Legend has it that in a long career—from December 1822 to January 1867—Heap missed not a single day’s work. Not once in two thousand two hundred and ninety-two weeks did he abandon his little charges. Not once did he fail to walk the eight miles from Healey to Colsterdale and from Colsterdale back to Healey. When one carries out the arithmetic—just the sort of task a schoolmaster would set his pupils, one would have thought—Mr James Heap walked one hundred and ten thousand miles in the course of his professional duties. Frankly, this knocks Dickens’s hike down to Kent into a cocked hat.
TO THE MOON
A number of newspapers carried the story of the humble schoolmaster’s dedication to his calling. They must have felt that great distances expressed in miles did not sufficiently convey the scale of the achievement, for they worked out that Heap had walked “nearly five times round the world” in order to educate the children of Colsterdale. And, lest my readers wonder if nineteenth-century estimates of the circumference of the earth were way off the mark, I have checked the figures, and “five times” is pretty close. “Four and a half times” is closer, but never mind.
Well, that is not the end of it, for Heap also shared the teaching at a Sunday school in Summerside, which was about the same distance from his home in Healey as the school in Colsterdale. Apparently he made this journey—again, a round trip of eight miles over desolate terrain—on seventeen Sundays a year for forty-two of the forty-four years of his working life. As any child taught by him would have been able to tell you, this added five thousand seven hundred and twelve miles to the principal sum. “He would,” declared the Globe, “if he had continued his work for rather more than a year, have covered a distance equal to half the space between the earth and the moon.”
BY A COUNTRY MILE
When Heap died in 1876, his long years of physical activity had stood him in good stead, for he was in fine fettle almost to the end.
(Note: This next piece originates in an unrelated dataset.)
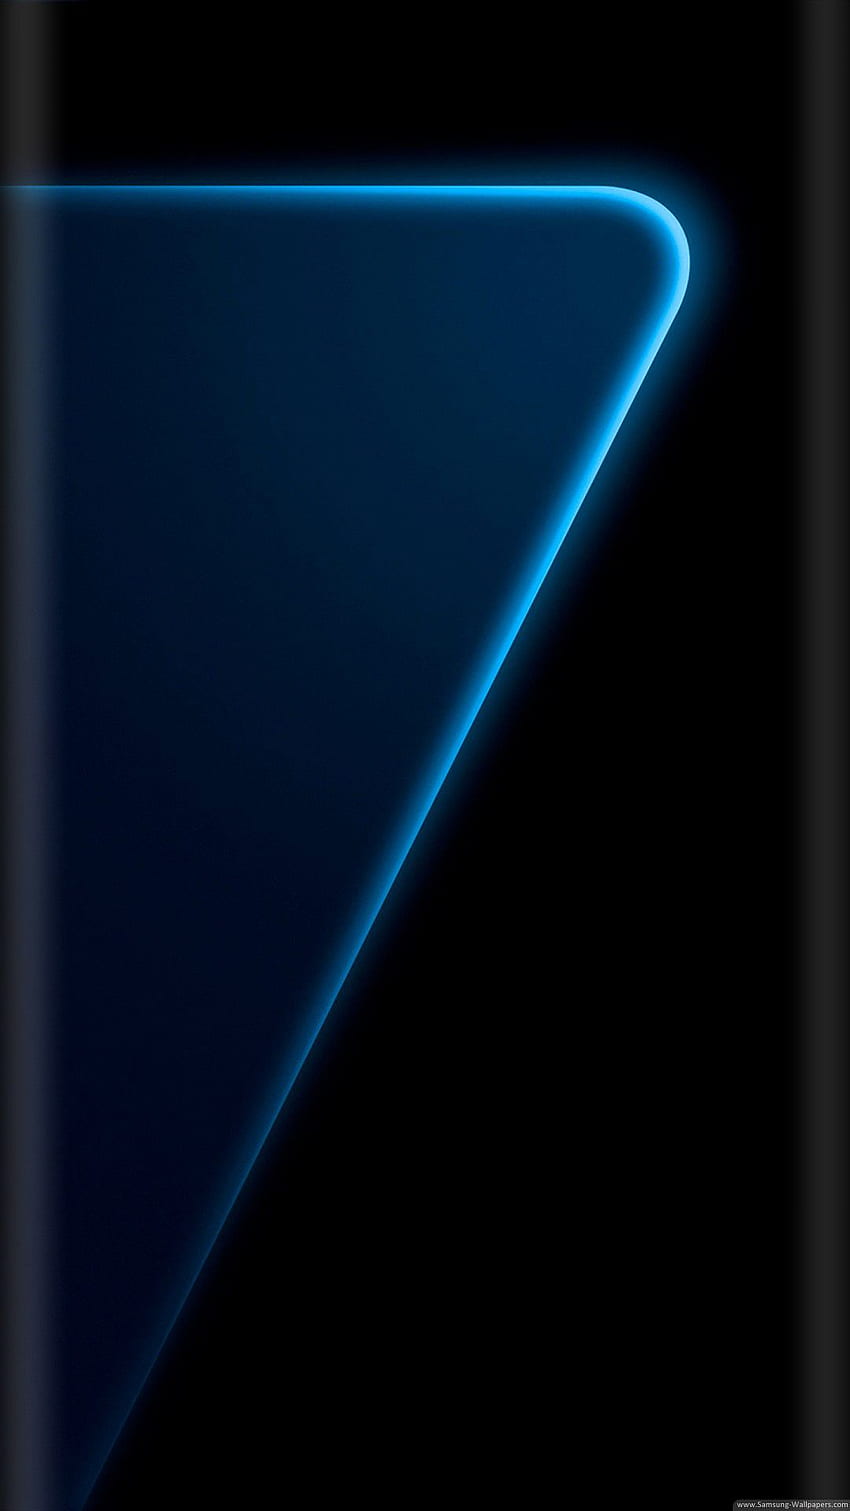 Khóa màn hình Samsung S7 Edge sẽ giữ cho thông tin của bạn luôn được an toàn, đặc biệt là khi bạn không sử dụng điện thoại. Tận hưởng những thiết lập an ninh của khóa màn hình cùng với hình ảnh độc đáo để tạo nên trải nghiệm tuyệt vời nhất.

Since his retirement in 1867 he had been in receipt of an annuity from the Schoolmasters’ Association, and not long before his death he was notified of a proposed increase in its value. Sadly, this would only have come into effect on the 1st of November, by which time he had given up the ghost, and slipped away.
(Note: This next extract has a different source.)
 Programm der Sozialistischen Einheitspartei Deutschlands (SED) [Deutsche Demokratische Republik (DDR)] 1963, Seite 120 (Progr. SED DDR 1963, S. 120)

One of the newspapers that told Heap’s story, the Paisley Herald and Renfrewshire Advertiser, approved of the example he had set, for
any invigorating pursuit that takes our young men from the influences of the billiard room and the music-hall is worthy of encouragement.
One imagines that the Herald’s concern with the moral well-being of the young would have struck a chord with the hardy Yorkshire schoolmaster. And he might have been flattered, too, to be mentioned in the same sentence as Edward Payson Weston, the renowned American athlete. Weston had come to England earlier in the year, and he had caused quite a stir by walking for a full twenty-four hours without a break, covering a distance of over a hundred miles. Brilliant! But the humble James Heap is still the winner in my book, for Weston, by his own admission, only managed this feat by chewing on coca leaf as he stomped along. Which just goes to show that, even when it comes to the shadier practices of professional athletes, there truly is nothing new under the sun.